Top of Recorded information
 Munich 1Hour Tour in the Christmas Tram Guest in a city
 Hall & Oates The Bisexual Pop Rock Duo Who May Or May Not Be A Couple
Bottom of Recorded information
Top of Recorded information
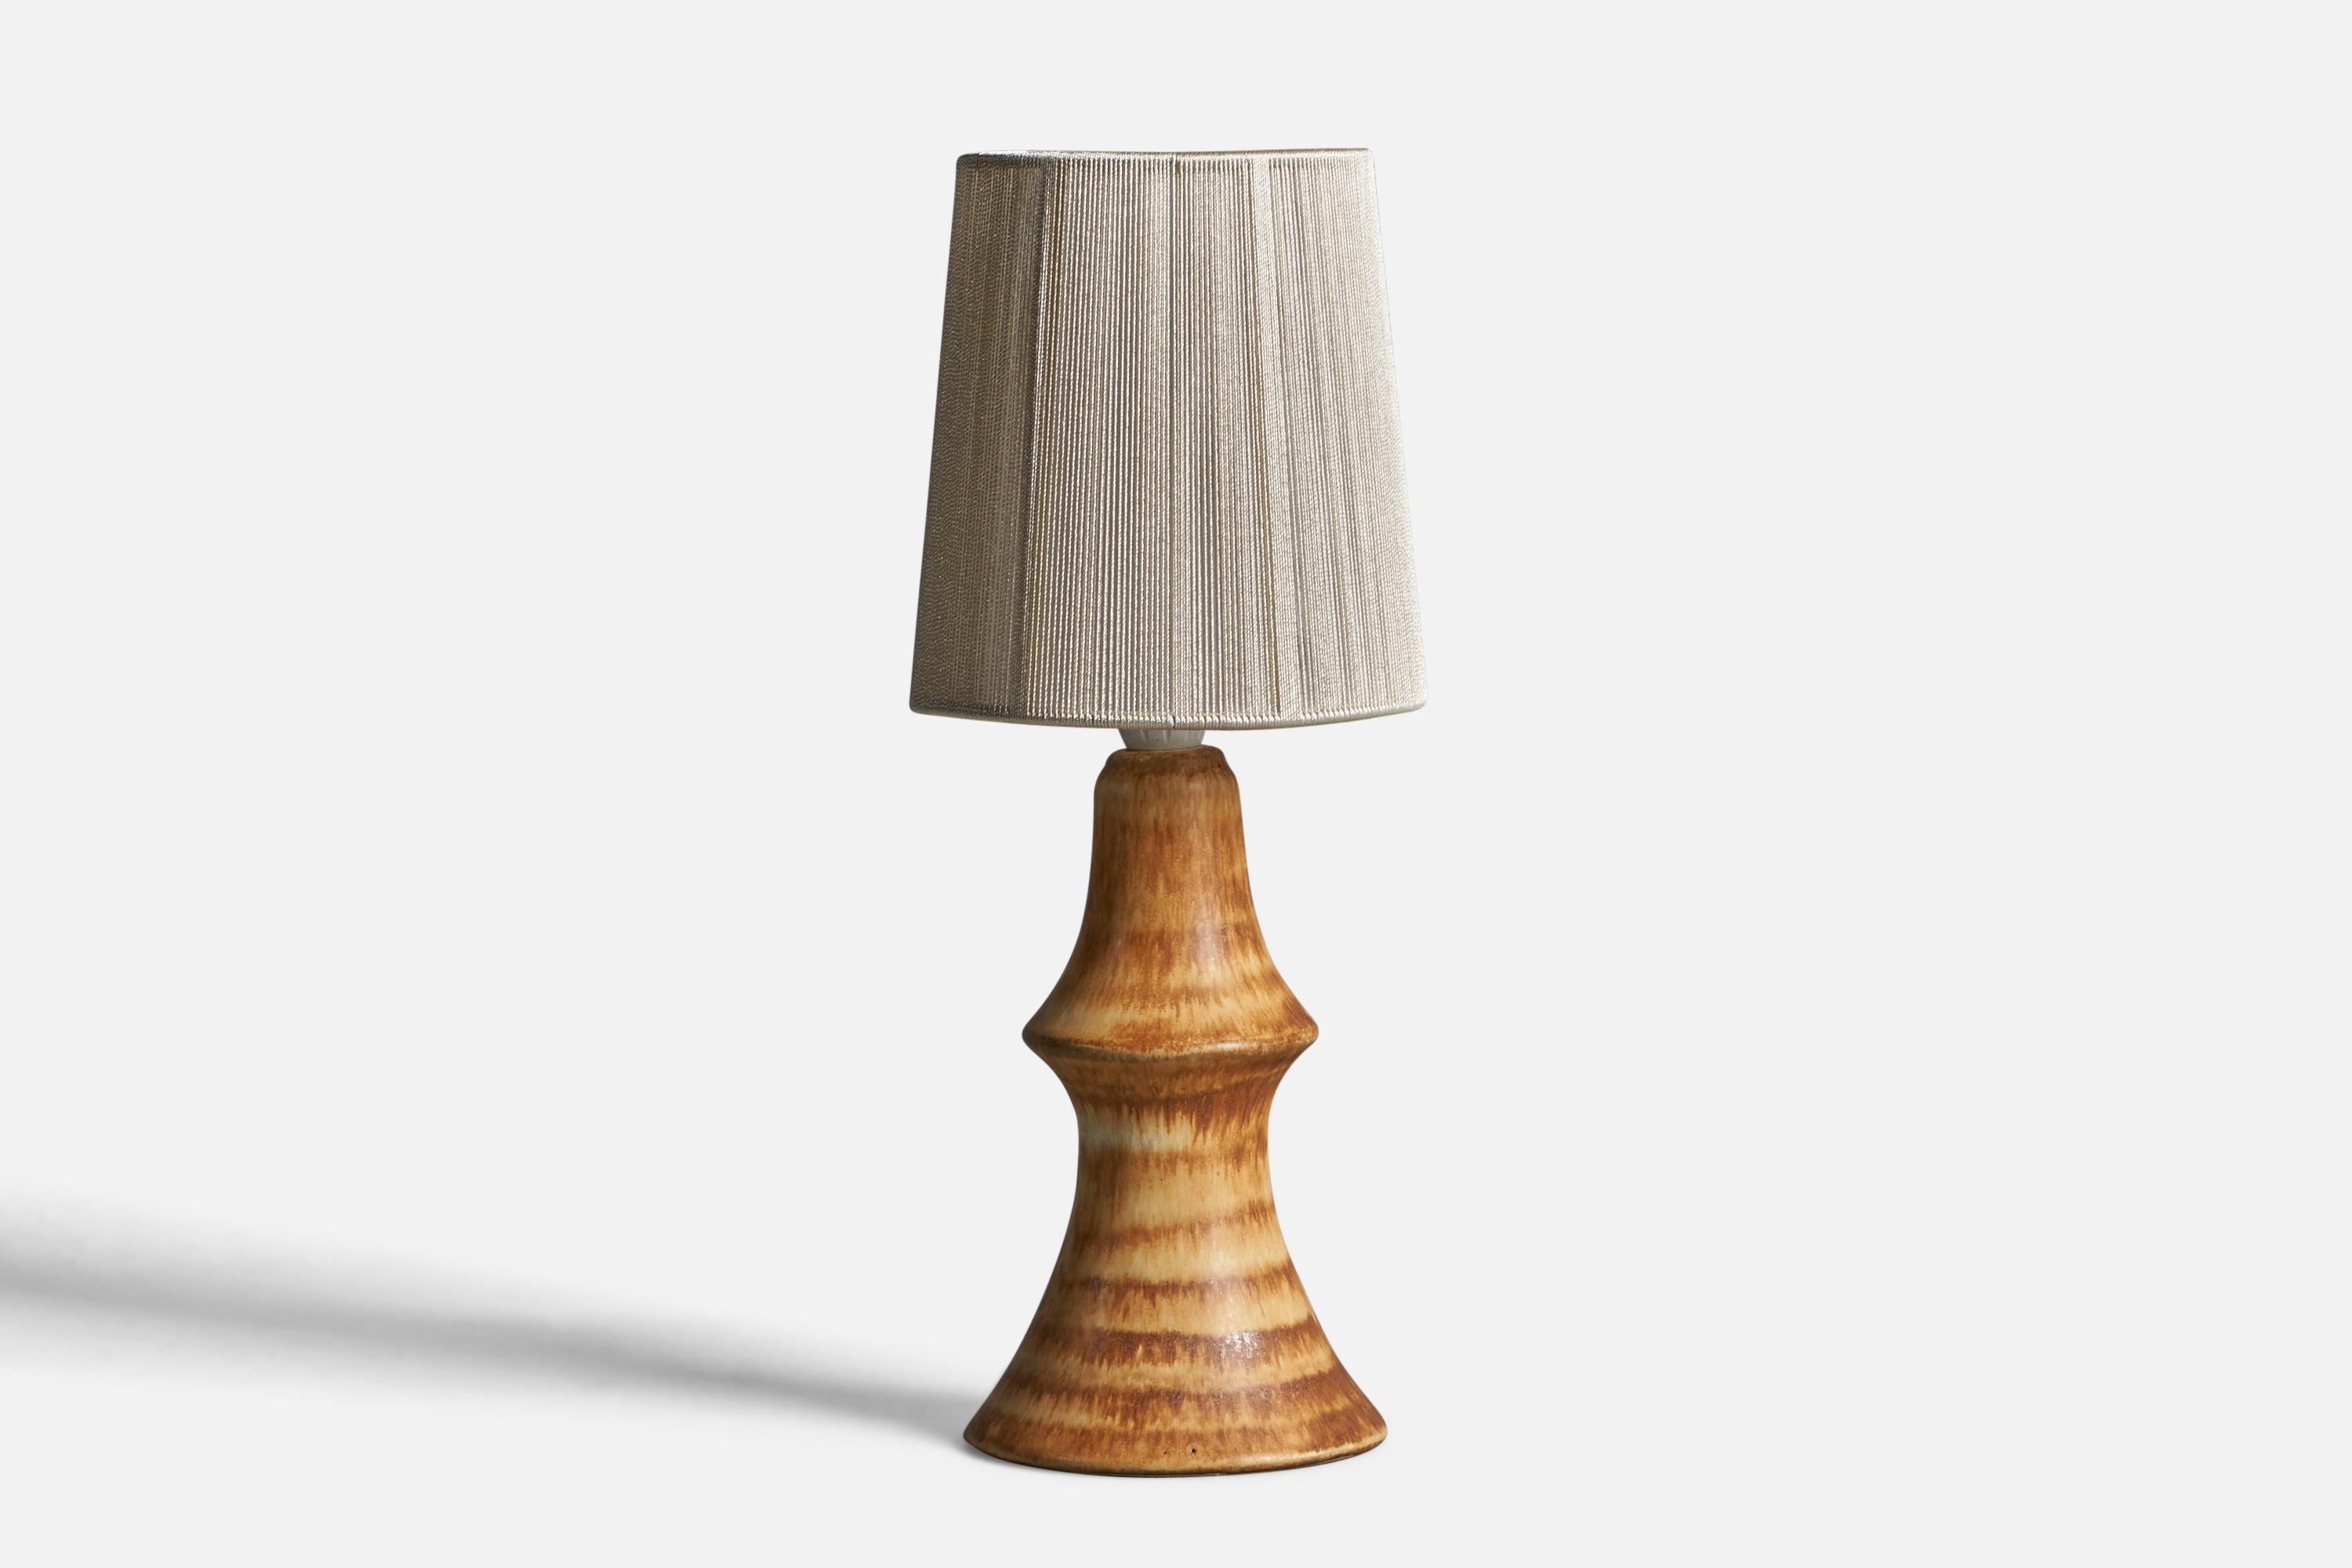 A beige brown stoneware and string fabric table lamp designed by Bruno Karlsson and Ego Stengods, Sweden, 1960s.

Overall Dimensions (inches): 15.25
Bottom of Recorded information
» Activity: Your answer must be the lines above from the one holding "A beige brown" up to and including the one holding "Overall Dimensions (inches): 15.25", exact and with no pictures.

» Output of the exercise:
 A beige brown stoneware and string fabric table lamp designed by Bruno Karlsson and Ego Stengods, Sweden, 1960s.

Overall Dimensions (inches): 15.25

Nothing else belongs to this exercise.